Generative World Explorer

Taiming Lu,Tianmin Shu,Alan Yuille,Daniel Khashabi,Jieneng Chen
2024-11-19
Abstract:Planning with partial observation is a central challenge in embodied AI. A majority of prior works have tackled this challenge by developing agents that physically explore their environment to update their beliefs about the world <a class="link-external link-http" href="http://state.In" rel="external noopener nofollow">this http URL</a> contrast, humans can $\textit{imagine}$ unseen parts of the world through a mental exploration and $\textit{revise}$ their beliefs with imagined observations. Such updated beliefs can allow them to make more informed decisions, without necessitating the physical exploration of the world at all times. To achieve this human-like ability, we introduce the $\textit{Generative World Explorer (Genex)}$, an egocentric world exploration framework that allows an agent to mentally explore a large-scale 3D world (e.g., urban scenes) and acquire imagined observations to update its belief. This updated belief will then help the agent to make a more informed decision at the current step.
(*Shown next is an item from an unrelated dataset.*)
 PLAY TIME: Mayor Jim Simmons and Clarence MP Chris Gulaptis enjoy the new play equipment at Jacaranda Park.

To train $\textit{Genex}$, we create a synthetic urban scene dataset, Genex-DB. Our experimental results demonstrate that (1) $\textit{Genex}$ can generate high-quality and consistent observations during long-horizon exploration of a large virtual physical world and (2) the beliefs updated with the generated observations can inform an existing decision-making model (e.g., an LLM agent) to make better plans.
Computer Vision and Pattern Recognition
What problem does this paper attempt to address?
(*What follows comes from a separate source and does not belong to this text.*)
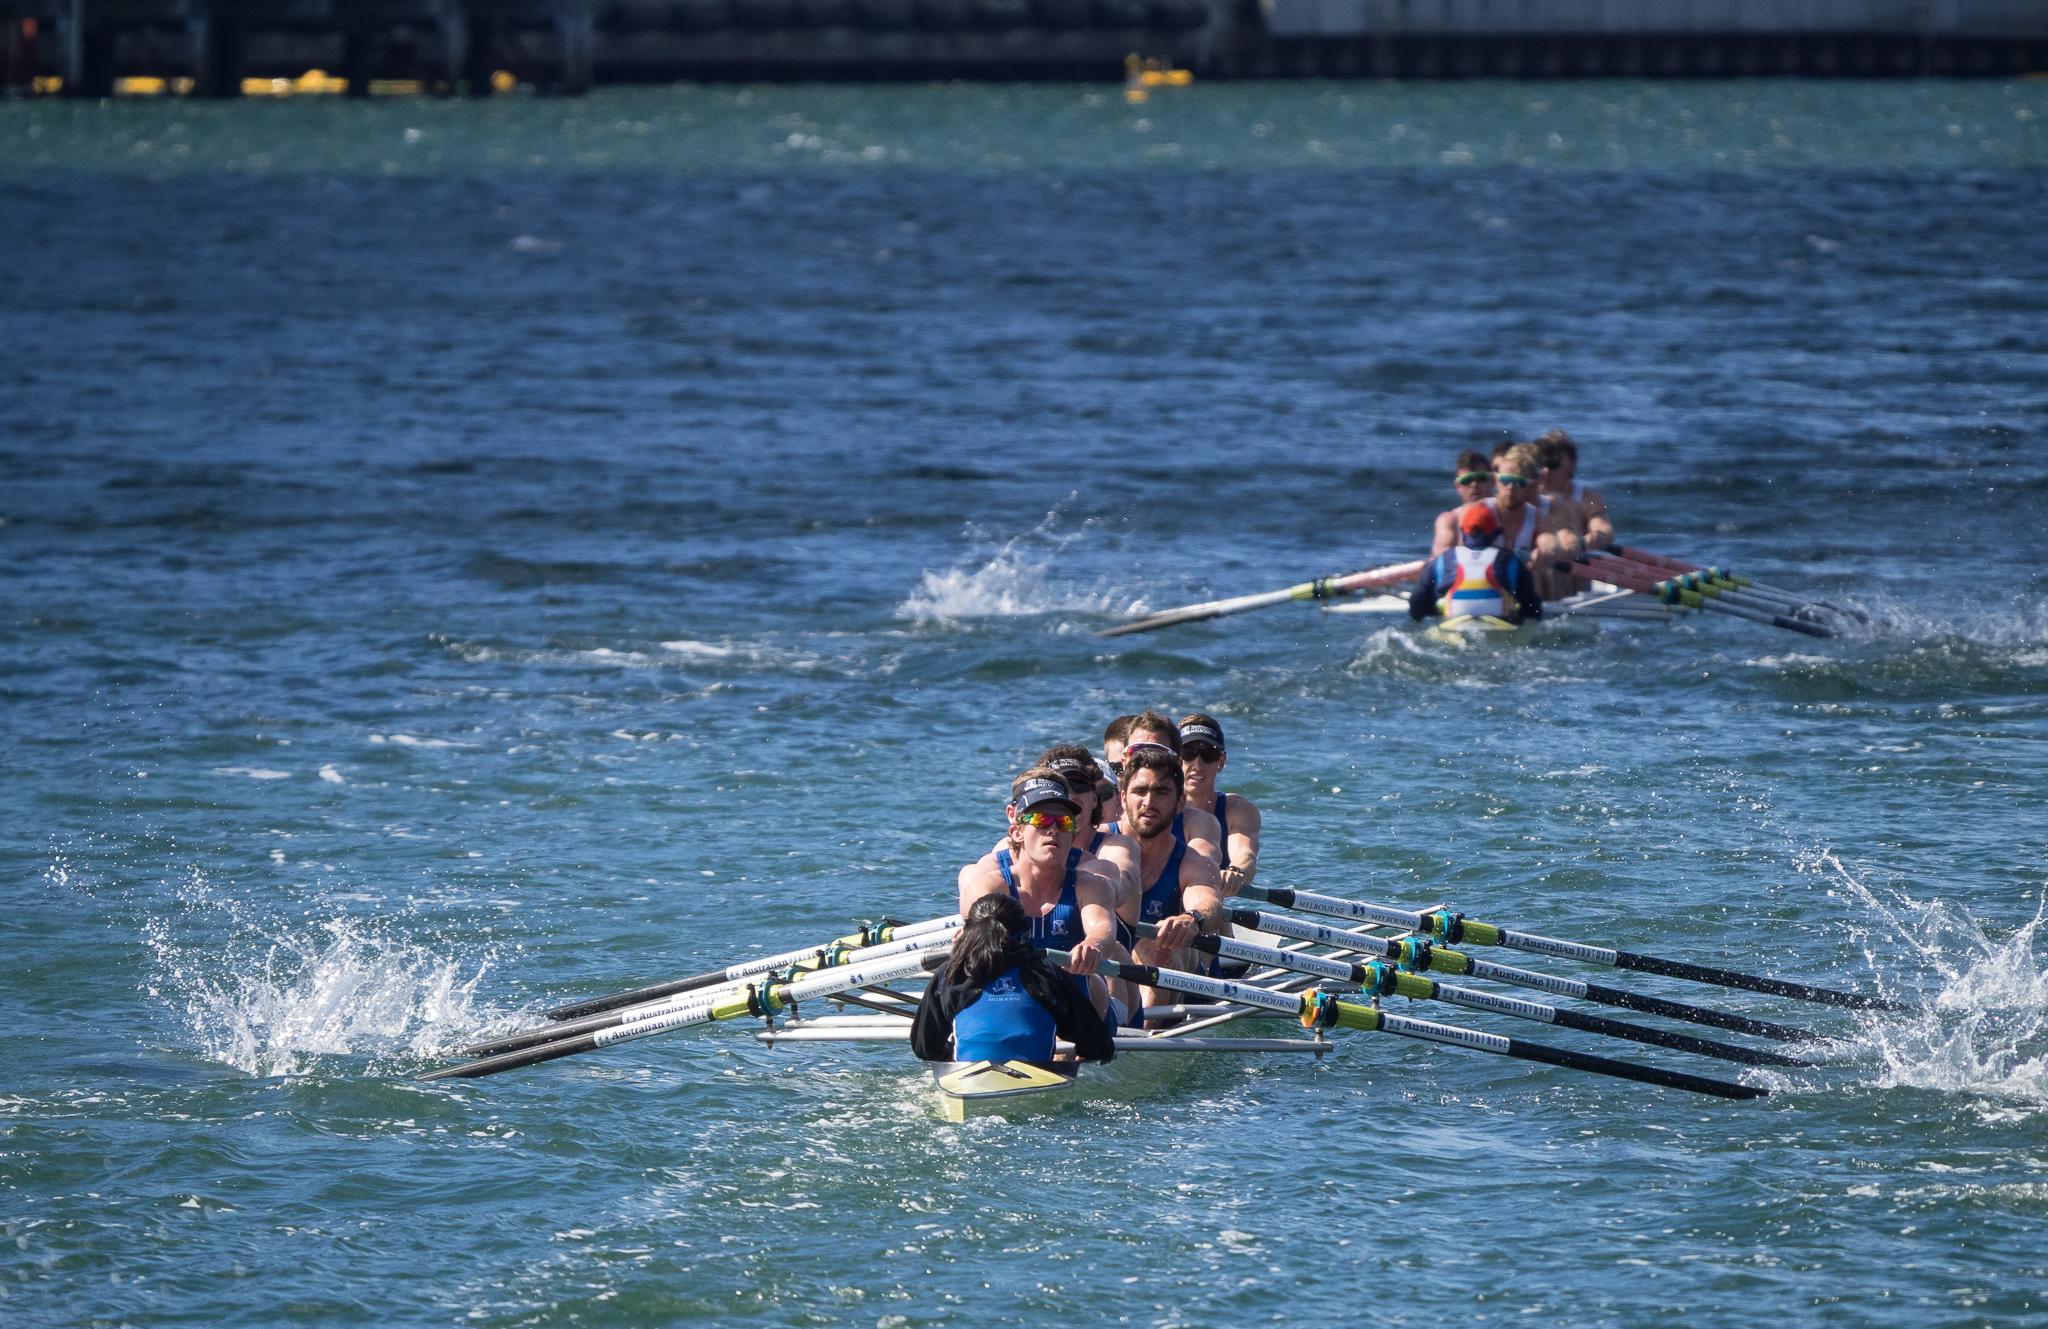 Boat Race 2016-15. Alan Shawjpg (13).jpg

The problem that this paper attempts to solve is the planning challenges in partially observable environments, especially in embodied AI. Most previous studies have addressed this challenge by developing agents that can physically explore their environments to update their beliefs about the state of the world. However, humans can imagine unseen parts of the world through mental exploration and use these imagined observations to update their beliefs, thus making more informed decisions without the need for physical exploration at any time. To achieve this human - like ability, the paper introduces the Generative World Explorer (Genex), an egocentric world exploration framework that allows agents to mentally explore large - scale 3D worlds (such as urban scenes) and update their beliefs through imagined observations. These updated beliefs will help agents make more informed decisions in the current step. Specifically, the main contributions of the paper include: 1. Proposing Genex, a novel framework that enables agents to conduct imaginative exploration in a high - quality and exploration - consistent manner. 2. For the first time, attempting to integrate generated videos into the partially observable decision - making process through the introduction of belief updates based on imagination. 3. Highlighting the compelling applications of Genex, including multi - agent decision - making. Through these contributions, the paper aims to enhance the navigation and decision - making abilities of agents in complex, partially observable environments, especially in scenarios that require rapid response and efficient exploration.